For road networks, the straight-line (Euclidean) distance is a common admissible heuristic. It never overestimates the true remaining distance because roads cannot be shorter than straight lines. An admissible heuristic guarantees that A* still finds the optimal path.
import heapq
import math
from collections import defaultdict
def heuristic(node: tuple, goal: tuple) -> float:
# Euclidean distance as admissible heuristic
return math.sqrt((node[0] - goal[0])**2 + (node[1] - goal[1])**2)
def astar(graph: dict, start: tuple, goal: tuple) -> list:
"""
graph: {node: [(neighbor, weight), ...]}
nodes are (lat, lon) tuples for the heuristic to work
"""
open_set = [(0, start)]
came_from = {}
g_score = defaultdict(lambda: float('inf'))
g_score[start] = 0
while open_set:
_, current = heapq.heappop(open_set)
if current == goal:
path = []
while current in came_from:
path.append(current)
current = came_from[current]
path.append(start)
return list(reversed(path))
for neighbor, weight in graph.get(current, []):
tentative_g = g_score[current] + weight
if tentative_g < g_score[neighbor]:
came_from[neighbor] = current
g_score[neighbor] = tentative_g
f_score = tentative_g + heuristic(neighbor, goal)

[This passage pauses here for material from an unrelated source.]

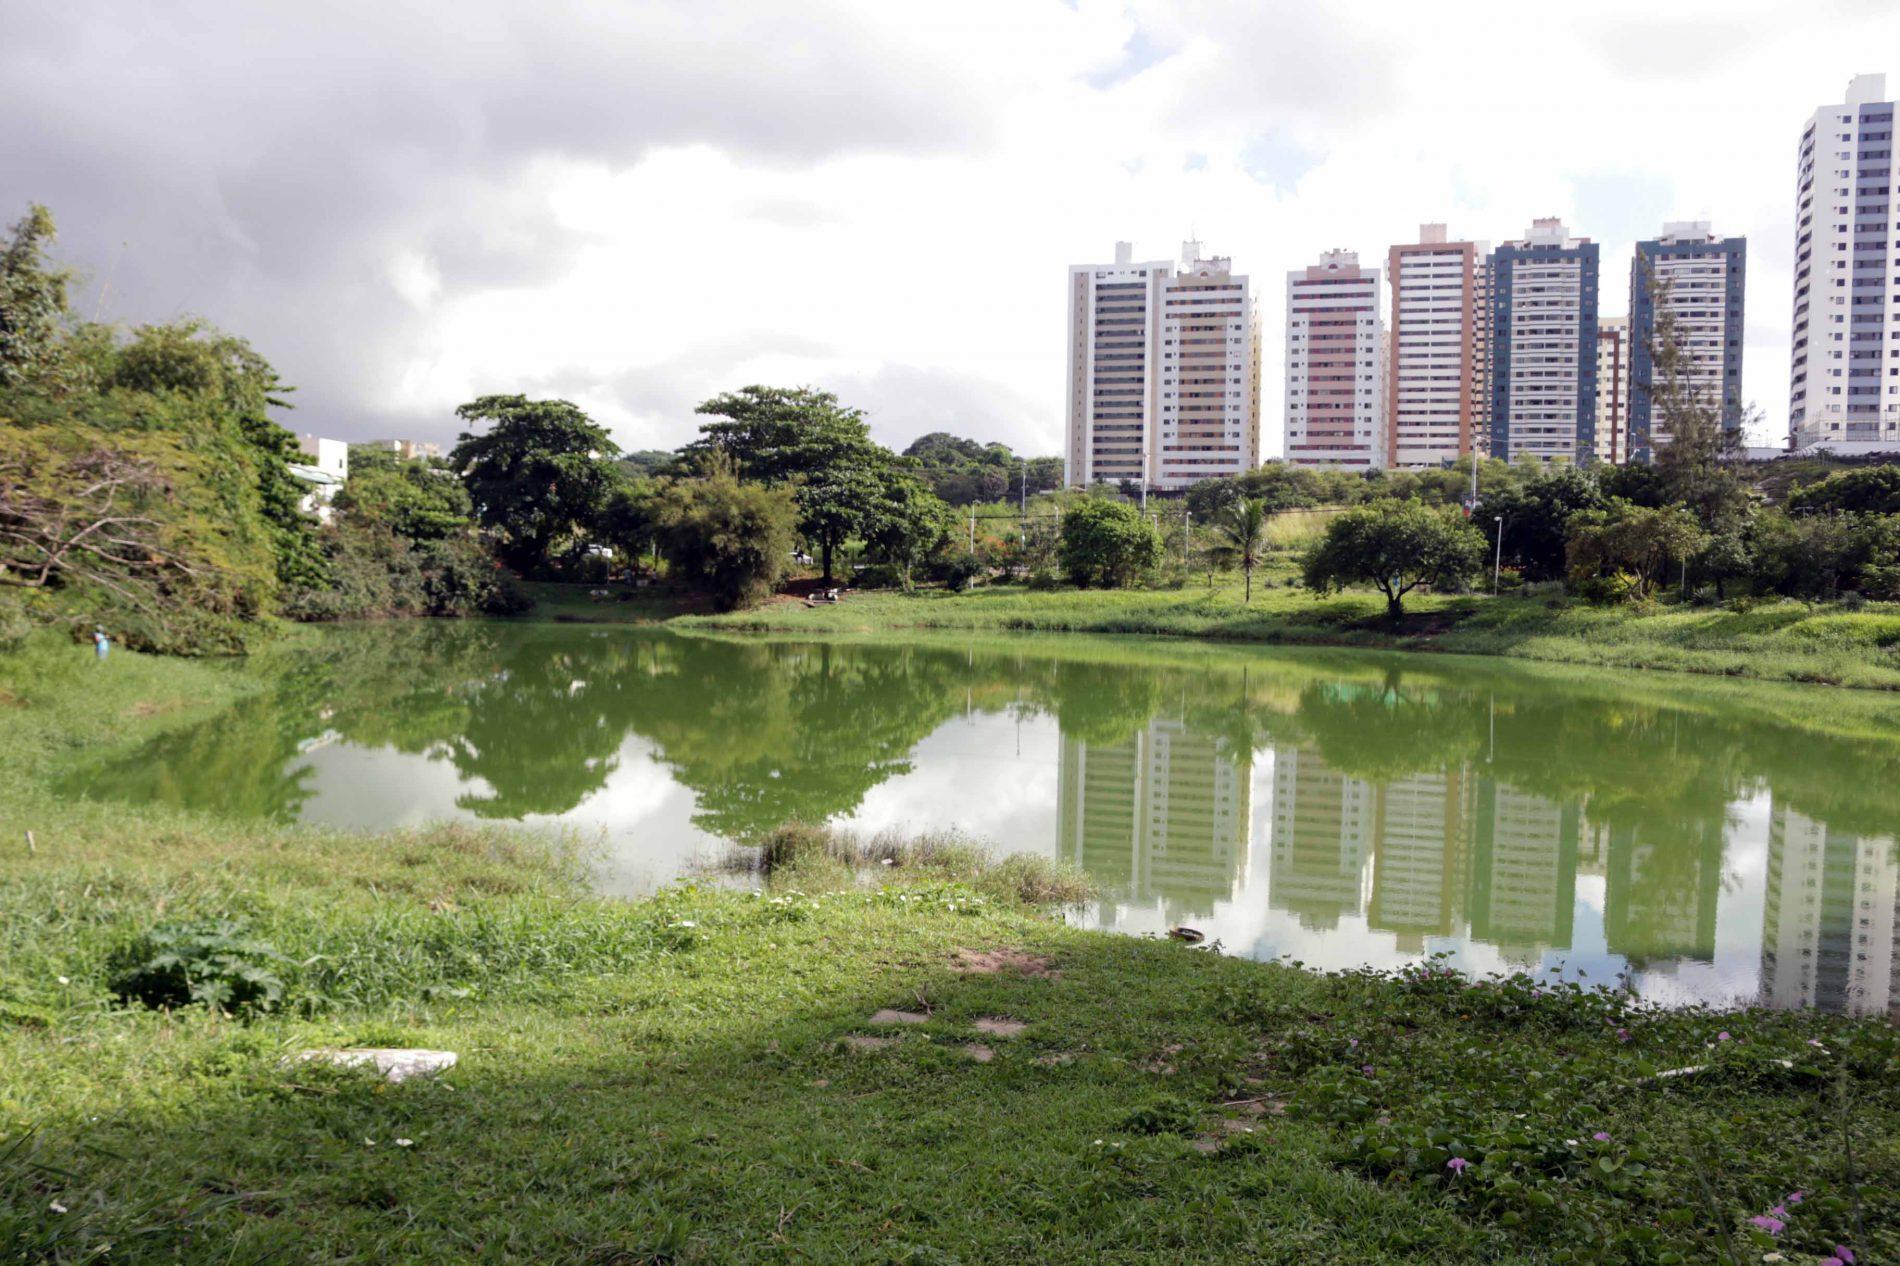 Salvador: Prefeitura inicia nesta quinta requalificação da Lagoa dos Pássaros

heapq.heappush(open_set, (f_score, neighbor))
return [] # No path found
The efficiency gain depends on heuristic quality. A perfect heuristic (knowing the exact remaining distance) would expand only nodes on the optimal path. The Euclidean heuristic is imperfect because roads are not straight lines, but it reduces node expansions by an order of magnitude on typical road network queries.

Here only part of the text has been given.